Cryptocurrencies emerged as an asset type that offers investors the opportunity to invest and receive substantial returns. The asset class has enjoyed huge popularity in recent times. Set up an account. From Rs100, you can trade.
Cryptocurrencies are a new asset that allows you to invest and earn significant returns. This asset class has seen huge popularity, despite not having government backing. The potential for high returns within a short period of time has prompted investors to get on board the crypto bandwagon.
Here are the steps you need to take in order to trade digital currencies.
Select the right crypto exchange
Open trading account
Fund Your Account
Buying and investing in Cryptocurrency
Store your Cryptocurrency safe
Choose a Strategy
Step 1: Select Right Crypto Exchange
Few years back Due to the absence of crypto regulation in India, there was no regulation of cryptocurrency trading. But now the Indian government regulates those things. So with the help of the crypto exchanges platforms, you can easily buy and sell your digital currency without hesitation. WazirX is a popular cryptocurrency exchange in the country.
Step 2:Create Trading Account
To start trading, you must create an account at the cryptocurrency exchange of your option. This account will resemble a bank account. The exchange will check your credentials during registration based on the services you choose, the amount you intend to deposit, and the choices for exchanging coins that are offered. Sharing KYC information and setting up payment choices are required. You might have to provide copies of your PAN card, picture ID, and address verification for KYC. Notably, unlike traditional stock markets, cryptocurrency exchanges run 24/7/365.

Step 3:Fund Your Account

You will need to transfer some funds to your crypto-trading account in order to purchase cryptocurrencies after you open an account.

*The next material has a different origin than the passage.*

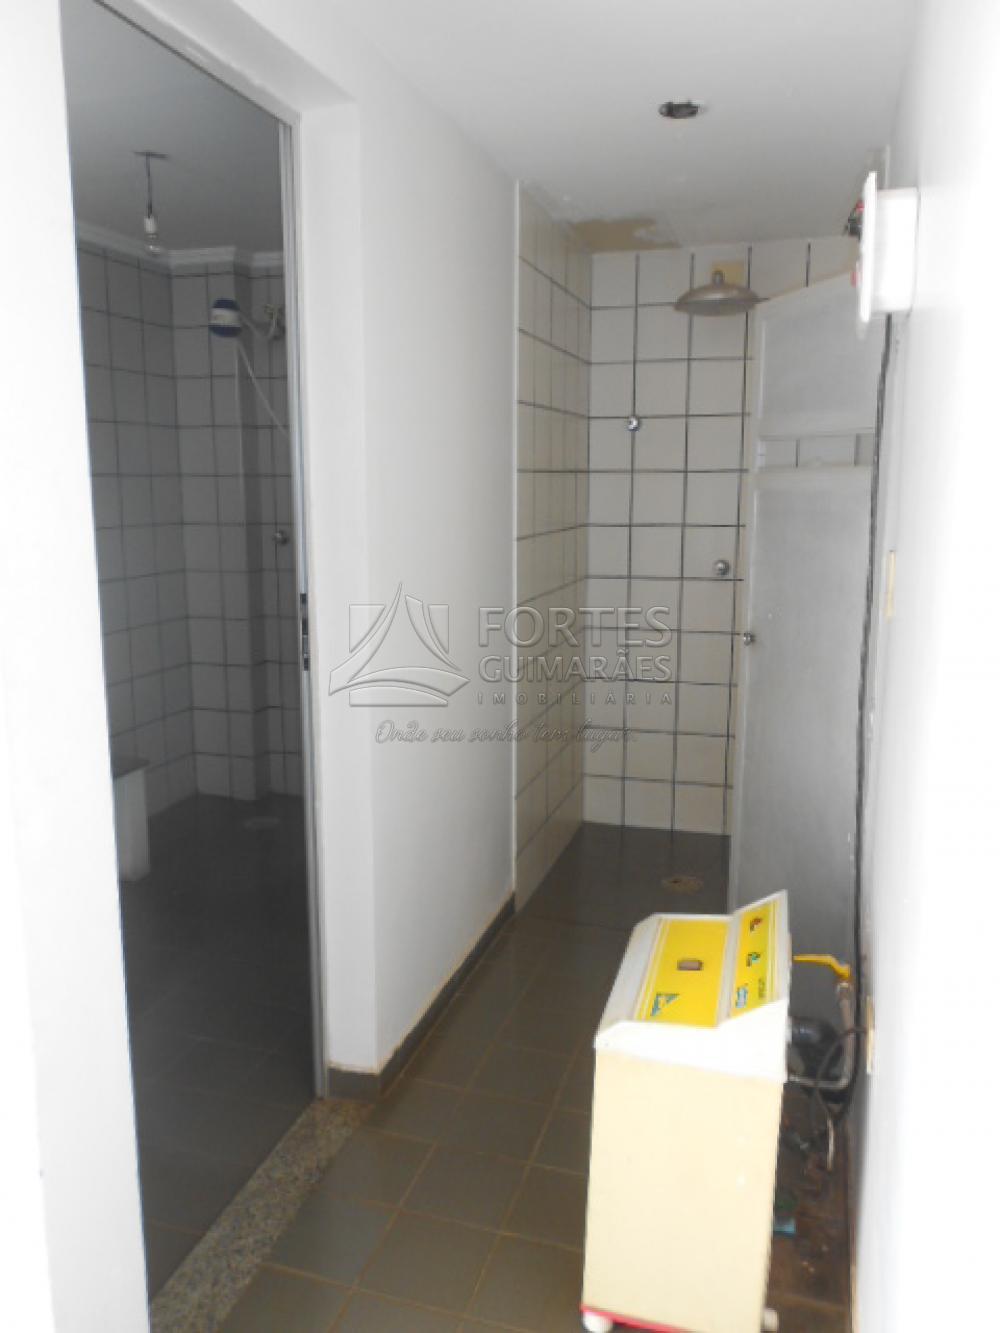 Alugar Apartamentos / Padrão em Ribeirão Preto apenas R$ 850,00 - Foto 20

Transfer funds online from your bank to the crypto-trading accounts. This requires you to link both accounts. A waiting period may be required depending on your policy to purchase digital coins.

Step 4: Investing in and Purchasing Cryptocurrency
You must choose the coins you want to invest in after opening an account and sending money. The most popular are Bitcoin and Binance Coins. Tether, XRP, Dogecoin, Ethereum, Cardano and Binance Coin are also good options.

Step 5: Store your Cryptocurrency
After completing your purchases, storage is the most important step. Cryptocurrency exchanges are not officially supported by any organization, and therefore almost certainly do not have a standard insurance coverage. Additionally, they worry about being hacked. As a result, you must securely keep the passcode to your assets and account. Generally speaking, it is a good idea to keep your bought coins in a crypto wallet.

Step 6: Choose a Strategy
Elliott Wave Theory is a great strategy to increase profits. Elliott Wave Theory focuses on the psychology of market sentiment and works well with speculative assets such as cryptocurrencies.
Before increasing your bitcoin investment, you may also acquire the advice of certain experts in the field. Instead of mindlessly following anyone's advice, one should always start with minimal investments and carefully research the market.


A crypto license is necessary for the operation of a cryptocurrency business.

It should not be difficult to obtain a crypto license if your business follows the highest standards and is reputable. A crypto license is not an easy process for budding entrepreneurs looking to set up a new company.

The procedure can be lengthy and require a lot of documentation. Entrepreneurs will often have trouble obtaining a cryptocurrency license in India . To get their license quickly, they should approach the white label crypto exchange development firm.